### Casting : 
we use cast(strict = True)

In [9]:
import polars as pl
df = pl.DataFrame(
    {
        "integers" : [1,2,3],
        "big_integers": [10000002, 2, 30000003],
        "floats": [4.0, 5.8, -6.3],
    }
)
print(df)

shape: (3, 3)
┌──────────┬──────────────┬────────┐
│ integers ┆ big_integers ┆ floats │
│ ---      ┆ ---          ┆ ---    │
│ i64      ┆ i64          ┆ f64    │
╞══════════╪══════════════╪════════╡
│ 1        ┆ 10000002     ┆ 4.0    │
│ 2        ┆ 2            ┆ 5.8    │
│ 3        ┆ 30000003     ┆ -6.3   │
└──────────┴──────────────┴────────┘


In [10]:
result =df.select(
    pl.col("integers").cast(pl.Float32).alias("Integers As Floats"),
    pl.col("floats").cast(pl.Int128).alias("Floats as Intgers")   #Floating points will be truncated
)
print(result)

shape: (3, 2)
┌────────────────────┬───────────────────┐
│ Integers As Floats ┆ Floats as Intgers │
│ ---                ┆ ---               │
│ f32                ┆ i128              │
╞════════════════════╪═══════════════════╡
│ 1.0                ┆ 4                 │
│ 2.0                ┆ 5                 │
│ 3.0                ┆ -6                │
└────────────────────┴───────────────────┘


### Downcasting numerical data types
ex : Int64 ---> Int16

In [11]:
from polars.exceptions import InvalidOperationError

print(f"Before downcasting: {df.estimated_size()} bytes")
result = df.with_columns(
    pl.col("integers").cast(pl.Int16),
    pl.col("floats").cast(pl.Float32),
)
print(f"After downcasting: {result.estimated_size()} bytes")

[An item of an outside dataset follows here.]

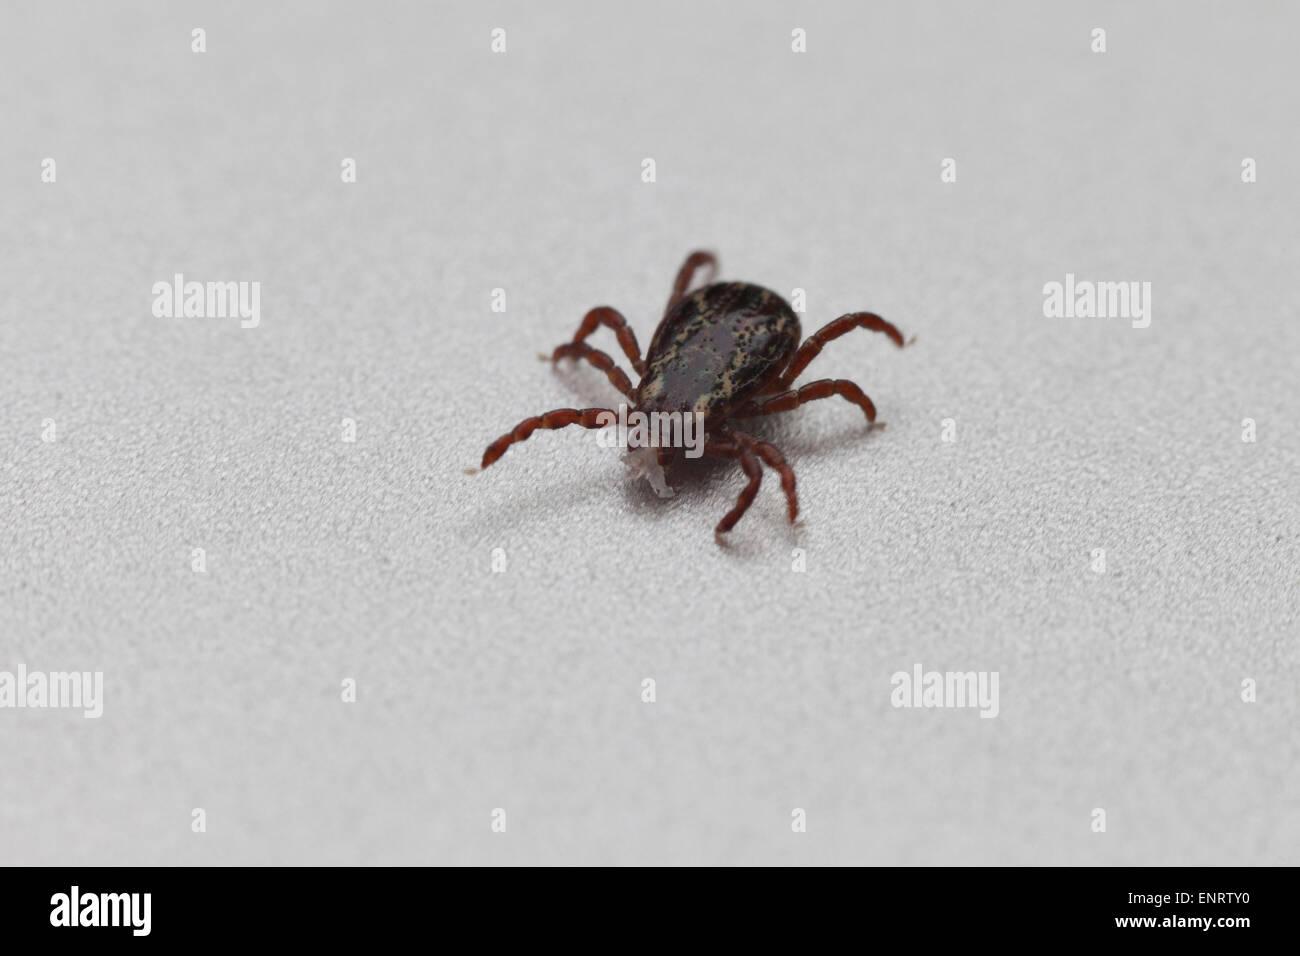 American dog tick (Dermacentor variabilis) - USA - Stock Image

# If the size is overflowing will get error
try:
    result = df.select(pl.col("big_integers").cast(pl.Int8))
    print(result)
except InvalidOperationError as err:
    print(err)

Before downcasting: 72 bytes
After downcasting: 42 bytes
conversion from `i64` to `i8` failed in column 'big_integers' for 2 out of 3 values: [10000002, 30000003]


In [12]:
# for that we set strict to flase : overflowing and underflowirng will become to null
result = df.select(
    pl.col("big_integers").cast(pl.Int8,strict=False)
)
print(result)

shape: (3, 1)
┌──────────────┐
│ big_integers │
│ ---          │
│ i8           │
╞══════════════╡
│ null         │
│ 2            │
│ null         │
└──────────────┘


### Strings to numeric types

if string contains non numeric polars will throw conversion error

In [21]:
import polars as pl
df = pl.DataFrame(
    {
        "rollnos" : ["12","23","90"],
        "percent" : [89.32,12.34,67.76],
    }
)
strings = df.select(
    pl.col("rollnos").cast(pl.Int128),
    pl.col("percent").cast(pl.String)
)

print(strings)

shape: (3, 2)
┌─────────┬─────────┐
│ rollnos ┆ percent │
│ ---     ┆ ---     │
│ i128    ┆ str     │
╞═════════╪═════════╡
│ 12      ┆ 89.32   │
│ 23      ┆ 12.34   │
│ 90      ┆ 67.76   │
└─────────┴─────────┘


### Parsing / formatting temporal data types
values of the data type Date are stored as the number of days since the epoch. For the data type Datetime the time unit is the microsecond (us) and for Time the time unit is the nanosecond (ns).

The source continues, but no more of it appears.